Veep Joe Biden is out there saying the Obama stimulus plan has saved or created 150,000 jobs in the administration’s first 100 days and another 600,000 in its second 100 days. But he sure isn’t talking about small-business jobs.
In fact, it’s hard to know what he’s talking about. Uncle Sam has borrowed $388 billion in the second quarter and is scheduled to borrow $406 billion in the third quarter and nearly $500 billion in the fourth. In order to provide $152 billion in so-called fiscal stimulus, the government is draining close to $800 billion from the private-sector savings supply — $800 billion that will not be invested in new-business enterprises, including small businesses.
Borrowing from Peter to redistribute to Paul is not fiscal stimulus. It’s a fiscal depressant. Small businesses are having enough trouble getting their hands on credit. And now they can’t find enough capital for new start-ups. The government prospers, but the small-business sector sinks.
Then there are all the tax and regulatory threats related to health-care and energy reform. Until Mr. Obama retreats from his plan for a government takeover of the health-care sector, and a cap-and-trade program that will cripple the energy sector, the cost of hiring the new job will continue to rise.
The threat of higher payroll taxes and energy costs is more than enough to deter new hiring. Taxes on upper-end investors are going to rise, too, and there may be a health-care surtax on top of that. And don’t forget that small businesses pay the top personal tax rate, which is going up. Oh, and how about the recent minimum-wage hike? Yet another business cost.

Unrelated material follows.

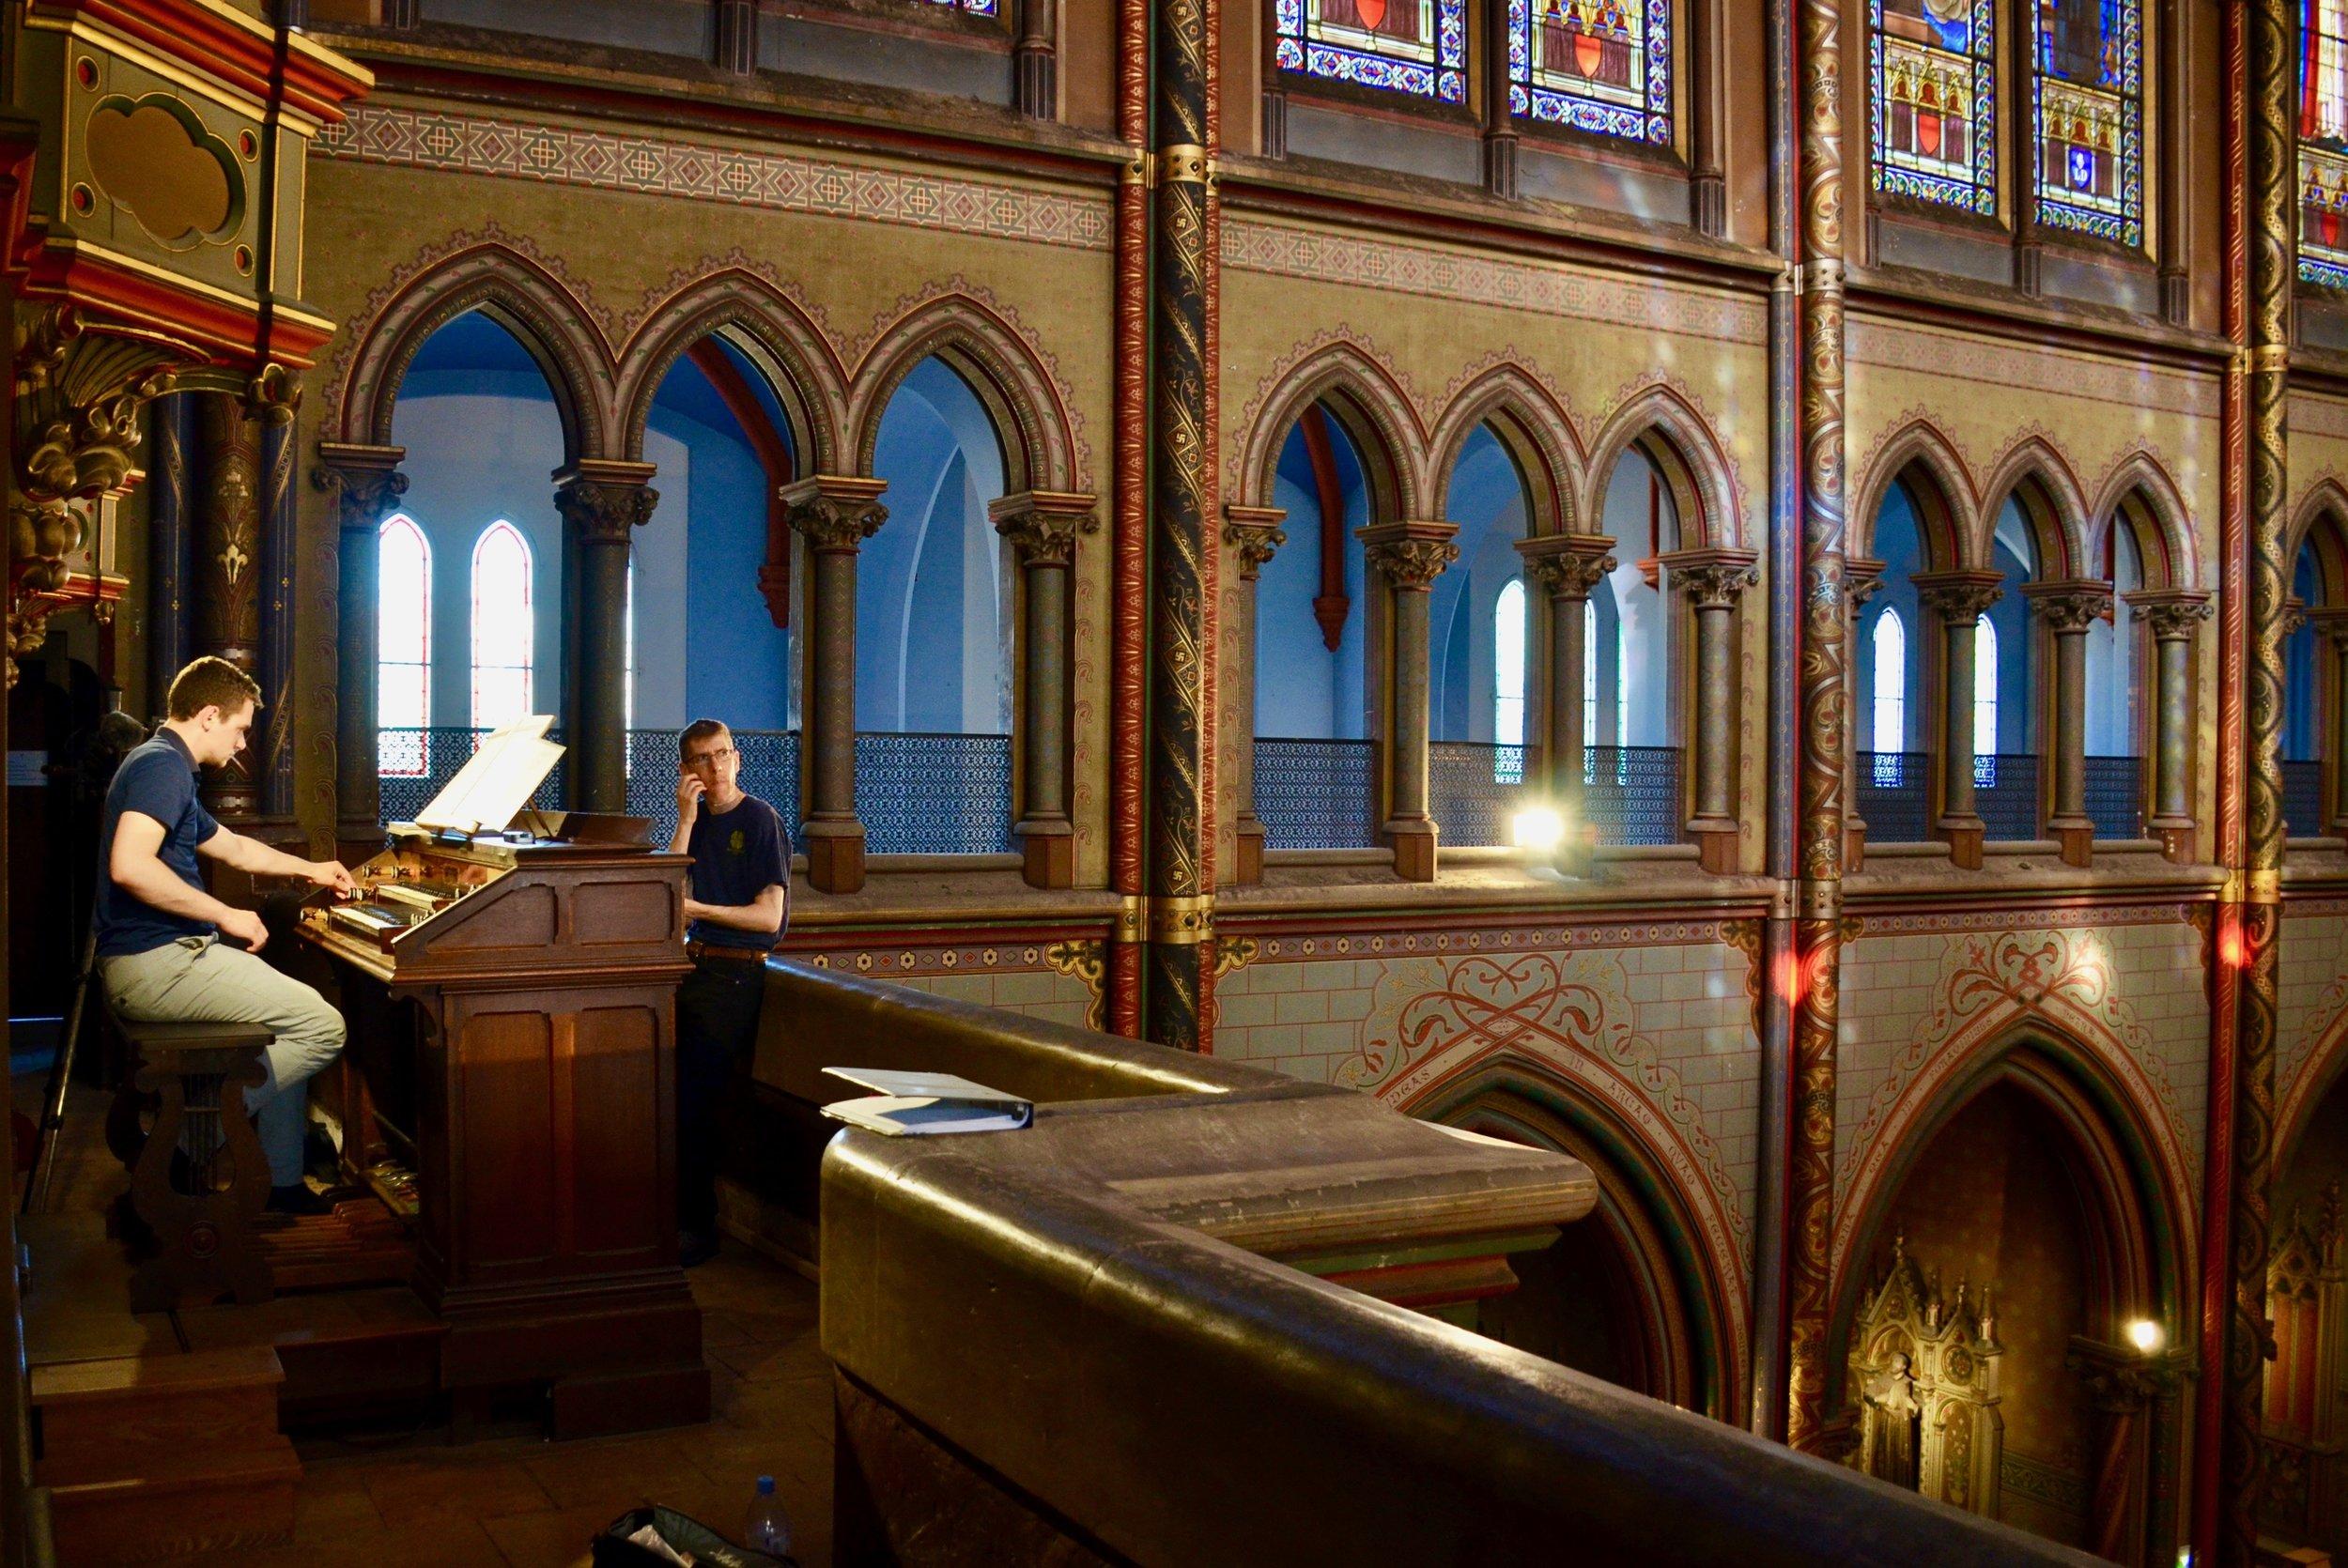 David von Behren plays the Cavaillé-Coll organ in Gésu Church, Toulouse

So while the government doles out money for transfer payments and one-time temporary tax credits, the ensuing increase in the private-sector tax-and-financing burden becomes a complete deterrent to new job creation, as well as capital formation.

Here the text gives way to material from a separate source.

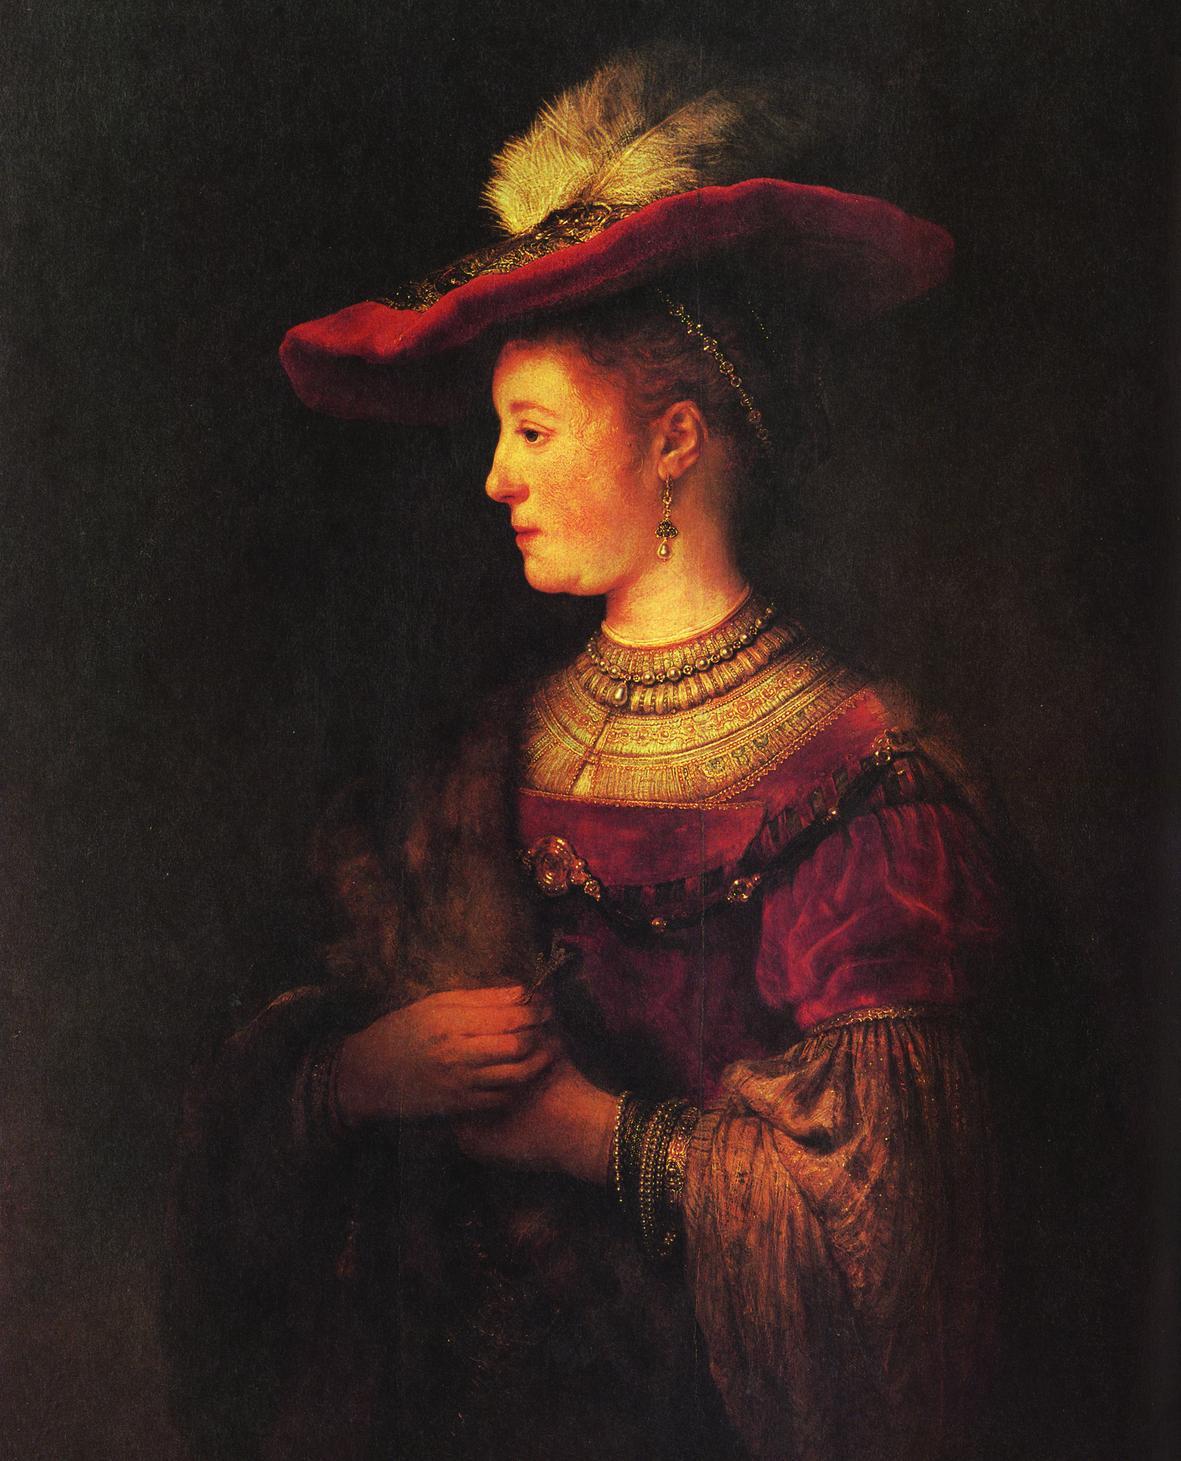 Рембрандт ван Рейн. Саския. 1634. Масло на дереве.  Кассельская художественная галерея. Германия

We’re going to recover. Improved ISM reports for manufacturing and services, along with better profitability for big corporations, suggest we’re looking at a mild, V-shaped recovery of 3 percent. But it will be a jobless recovery.

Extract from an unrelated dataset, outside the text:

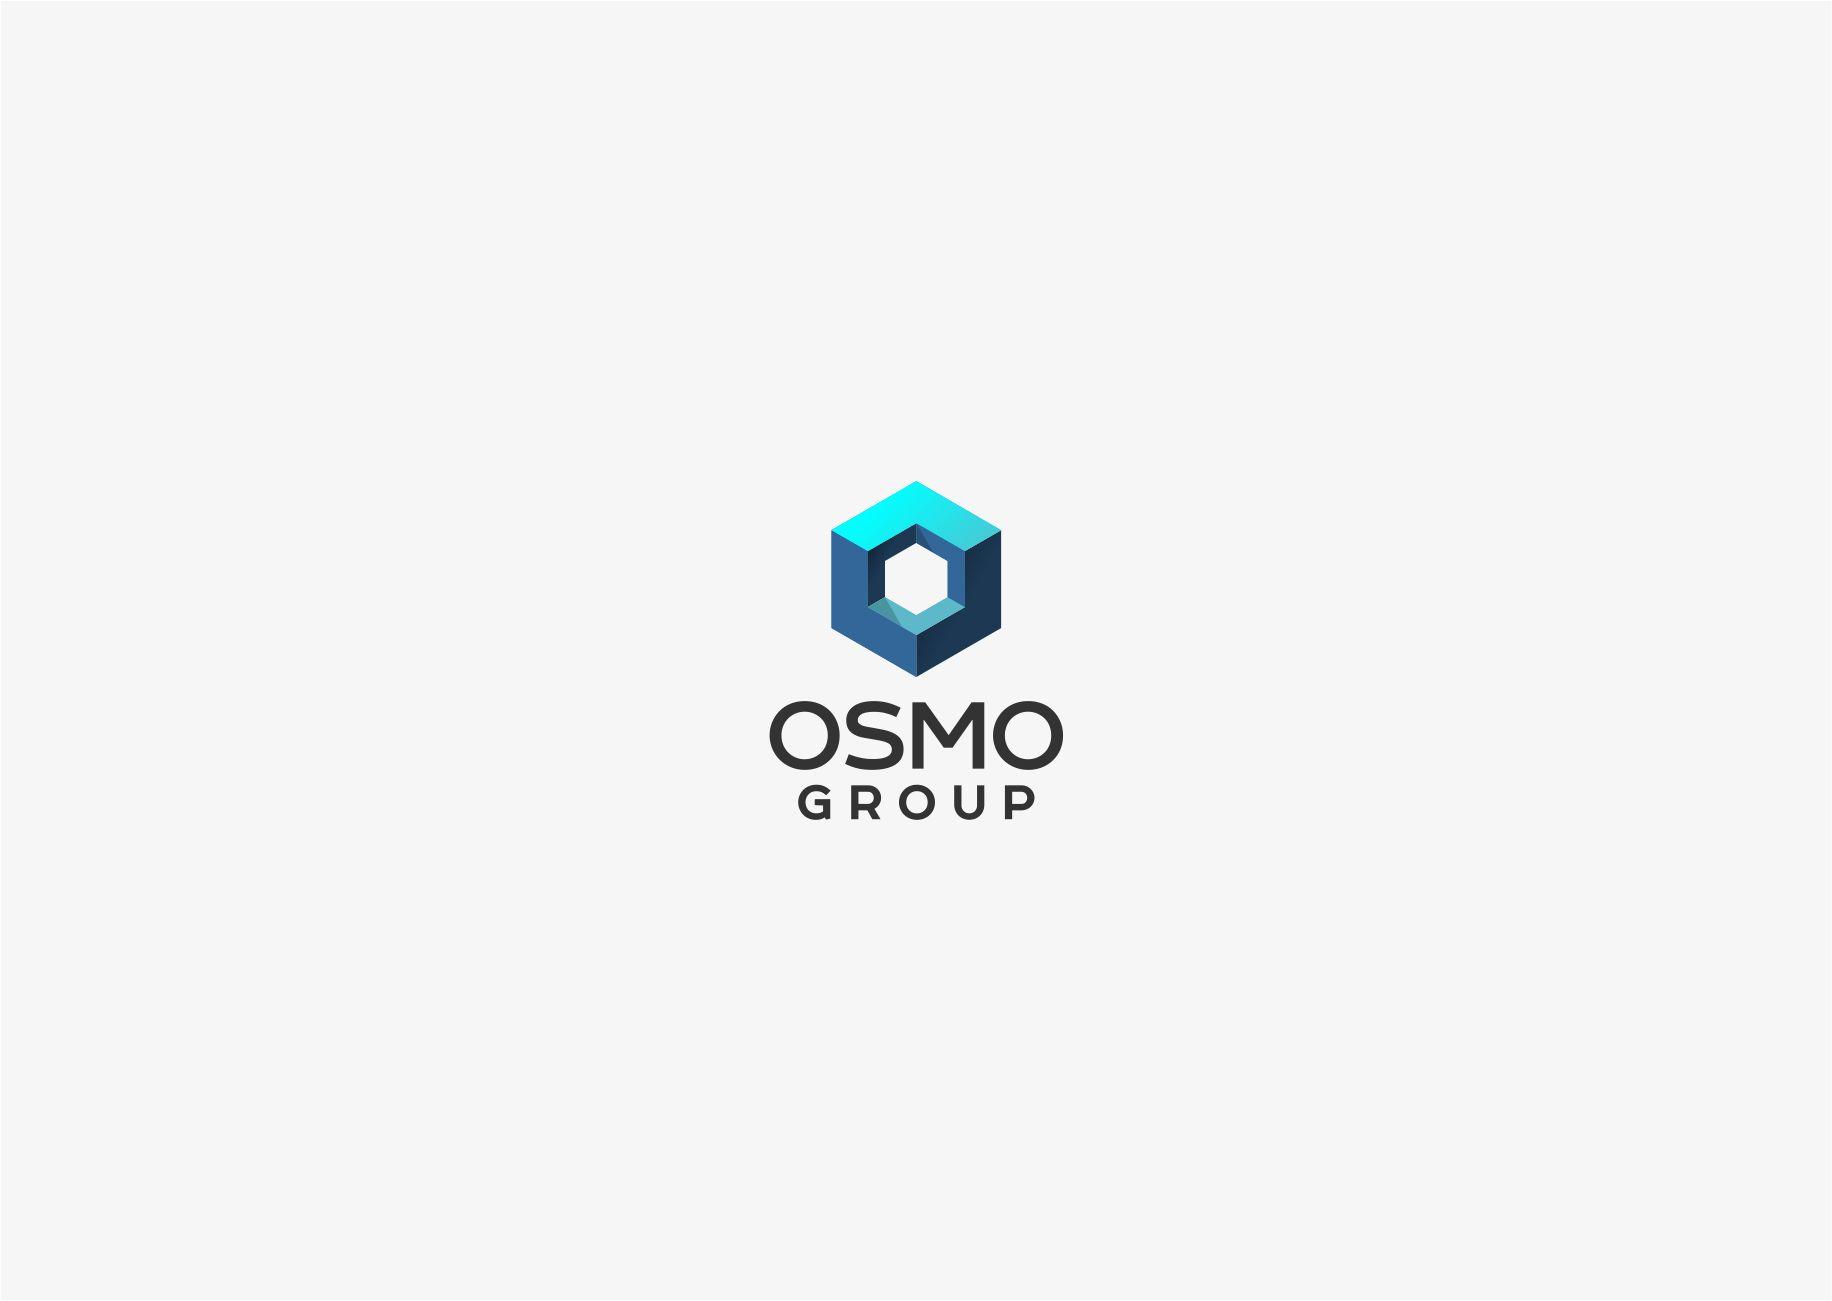 Создание логотипа для строительной компании OSMO group  фото f_86759b3df3bc854b.jpg

Of course, if Mr. Obama pulls the plug on his new government-insurance plan, and all the spending, taxing, borrowing, and regulating that goes along with it, the stock market will rally at least 500 points — at least. Investors understand that an Obama retreat on government-run health care will lead to stronger economic growth for America’s vibrant health-care industry — and small businesses in general.
With all this, why is Wall Street so shocked by the recent gold rally, with the yellow metal marching back toward $1,000 an ounce? The run into gold is a clear revolt against paper money and financial profligacy.
The Federal Reserve’s monetarist experiment to balloon the money supply will backfire with much higher future inflation unless the economy is capable of generating enough new investment and jobs to produce the goods to absorb all the new money. Indeed, this is a worldwide problem. Too much cash chasing too few goods.
The G-20 finance ministers are meeting in Pittsburgh this weekend, although nobody there has an exit strategy from the money explosion that has been aimed at solving the financial meltdown. None of the big countries have plans to reduce marginal tax rates to promote economic-growth incentives. There is no golden anchor of currency value, and no exit strategy from the potential inflation effects of the new-world monetarism.
The bottom line is that governments today have no financial discipline. And while growth will reappear, it may be a meager sort, with incipient inflation pressures plaguing the new recovery.